Pflege und Haltbarkeit: wann neue Schuhe?

Bei zwei Einheiten pro Woche hält ein Padelschuh sechs bis zwölf Monate. Das erste, was nachlässt, ist das Profil an der Innenseite des Vorfußes – dort, wo du beim Seitwärtsschritt abstößt. Ist es glatt, rutschst du unkontrolliert, und es wird Zeit für neue.

Drei Regeln verlängern das Leben: Nach dem Spielen den Sand aus dem Profil klopfen (er wirkt sonst wie Schmirgel), die Schuhe nicht in der Sporttasche lassen (Feuchtigkeit löst den Kleber), und nie in die Waschmaschine – die Dämpfung nimmt es übel. Und: ein zweites Paar für draußen, wenn du regelmäßig auf Außenplätzen spielst; dort verschleißt die Sohle doppelt so schnell.

Wenn der Schuh sitzt, fehlt nur noch das Match: Der Turnierkalender zeigt Turniere nach Level, der Platzfinder freie Plätze in deiner Nähe. Und für die Frage nach dem Schläger gibt es den Schläger-Finder.

Häufige Fragen

Kann ich Tennisschuhe zum Padel nehmen?

Ja, wenn es Sandplatz-Tennisschuhe mit Fischgrät-Sohle sind – die sind für Padel auf sandigem Kunstrasen praktisch identisch mit Padelschuhen. Hartplatz-Tennisschuhe mit glatter Sohle rutschen dagegen, und Hallenschuhe mit heller Gummisohle bleiben kleben.

Fischgrät oder Omni: Welche Sohle ist besser?

Kommt auf den Platz an. Viel Sand: Fischgrät (greift und rutscht kontrolliert).

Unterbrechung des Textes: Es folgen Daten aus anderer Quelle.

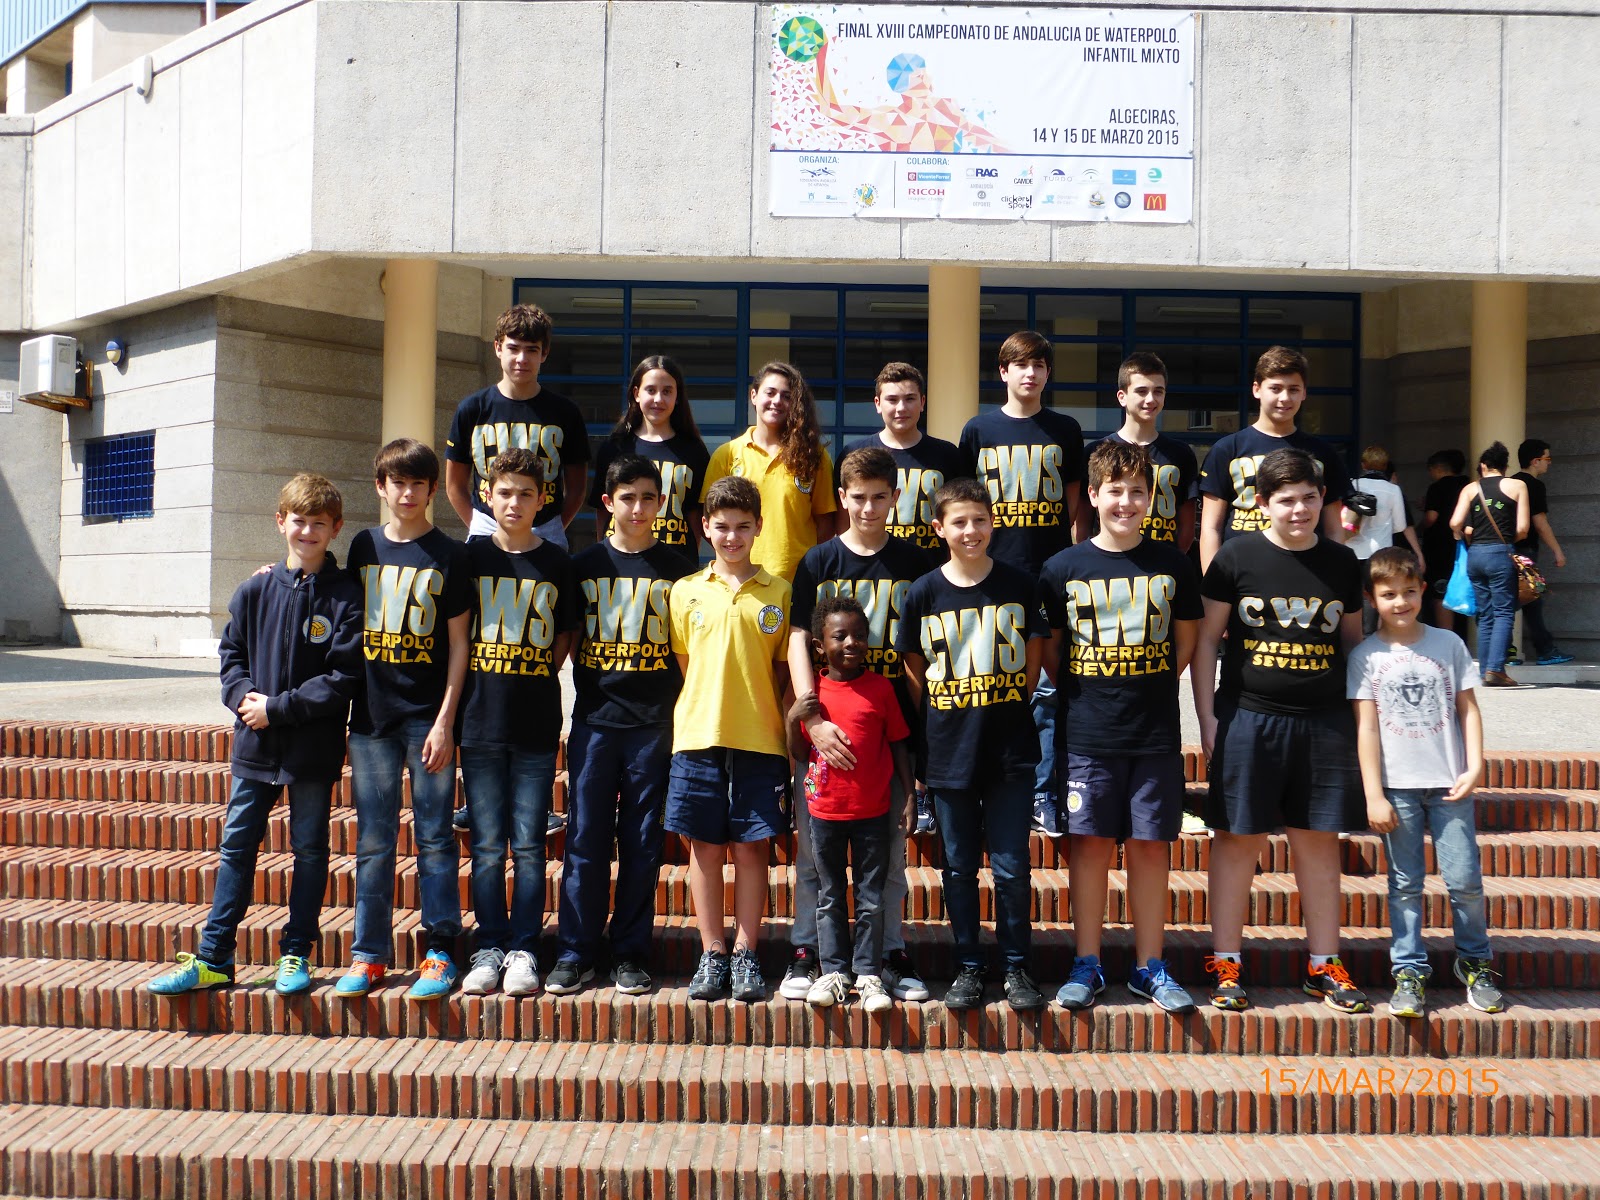 Campeonato Andalucia 2015 Algeciras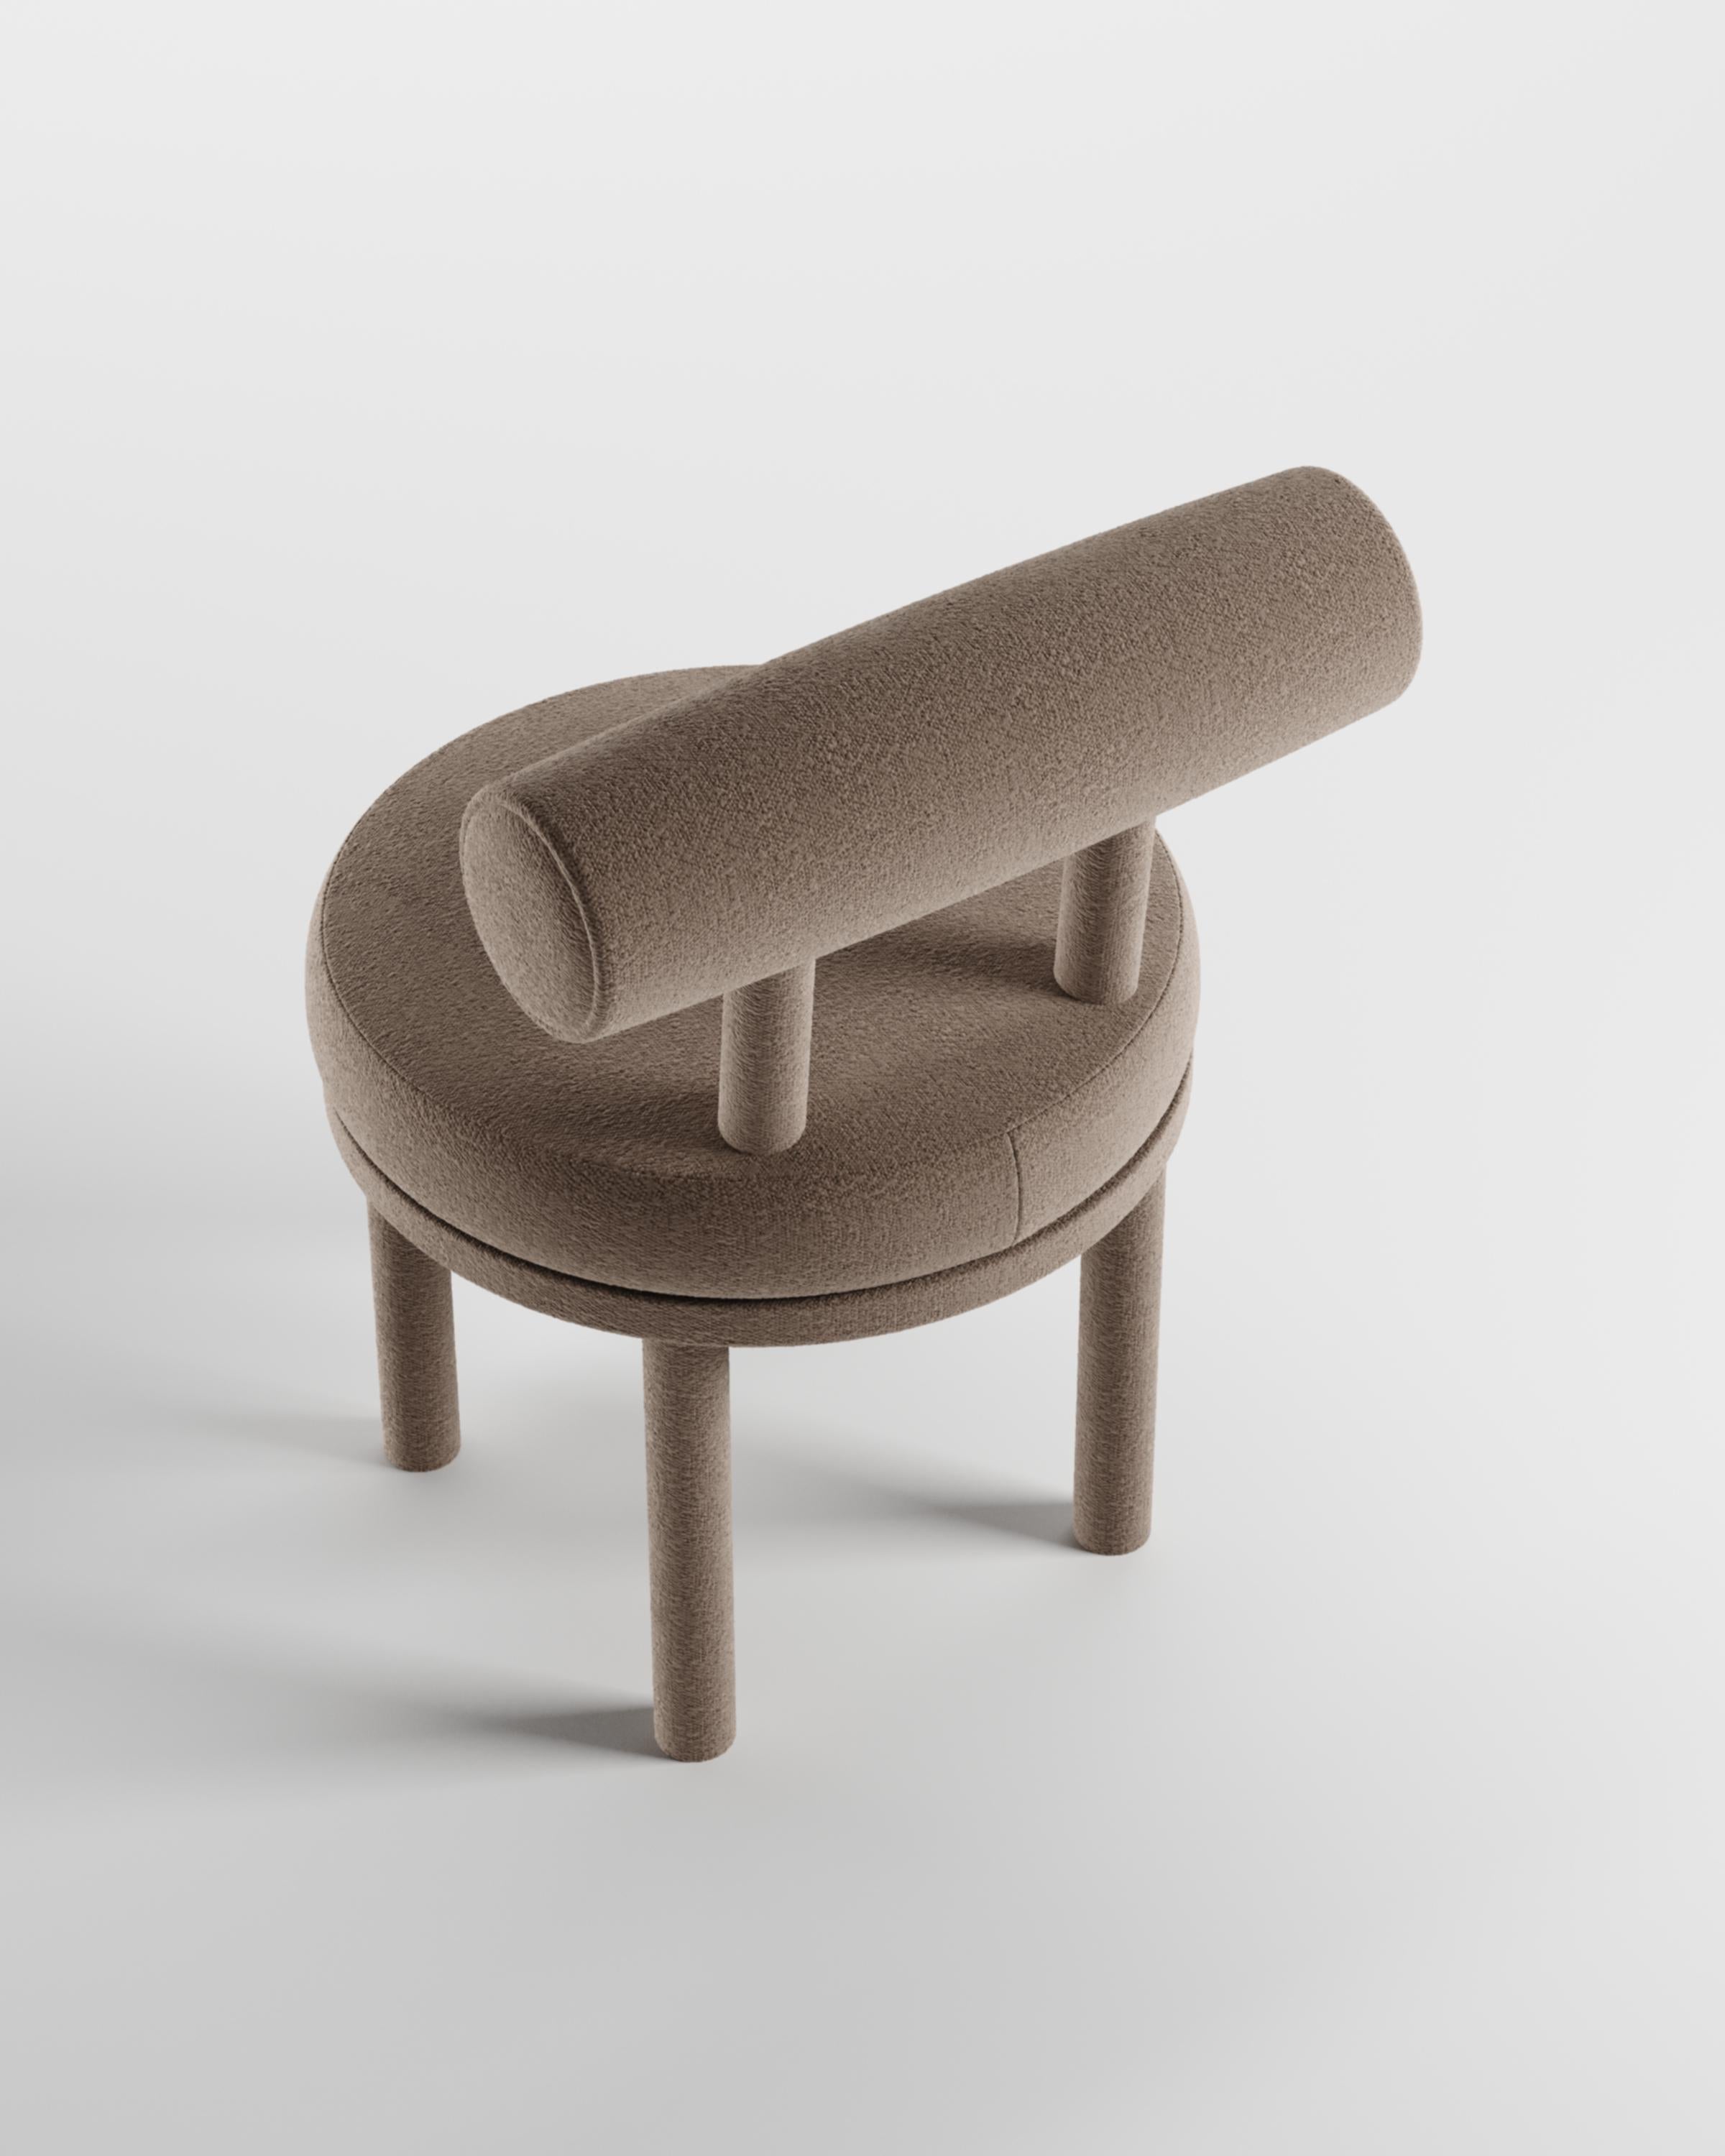 Une chaise qui allie les approches modernes et classiques du design.
Conçue pour épouser le corps, cette chaise durable et solide présente une structure de corps produite en bois massif.

Structure en bois de chêne massif et revêtement en tissu

Wenig Sand oder harter Hallenbelag: Omni (mehr Grip, weniger Gleiten). Wer auf wechselnden Plätzen spielt, nimmt eine Hybrid-Sohle.

Wie oft brauche ich neue Padelschuhe?

Bei zwei Einheiten pro Woche etwa alle sechs bis zwölf Monate. Entscheidend ist das Profil am Vorfuß innen: Ist es glatt, rutschst du weg – dann sind neue fällig, auch wenn der Schuh sonst gut aussieht.

Welche Größe bei Padelschuhen?

Normale Größe, mit einer Daumenbreite Platz vor den Zehen. Beim harten Stopp schiebt der Fuß nach vorn; ist der Schuh zu knapp, gibt es blaue Zehennägel. Zwischen zwei Größen die größere nehmen, nachmittags anprobieren.

Was kosten gute Padelschuhe?

70 bis 100 Euro für solide Einsteigermodelle, 100 bis 160 Euro für die Topmodelle der großen Marken. Der Grip kommt von der Sohle, nicht vom Preis – ein 80-Euro-Schuh mit der richtigen Sohle spielt sich besser als ein 150-Euro-Schuh mit der falschen.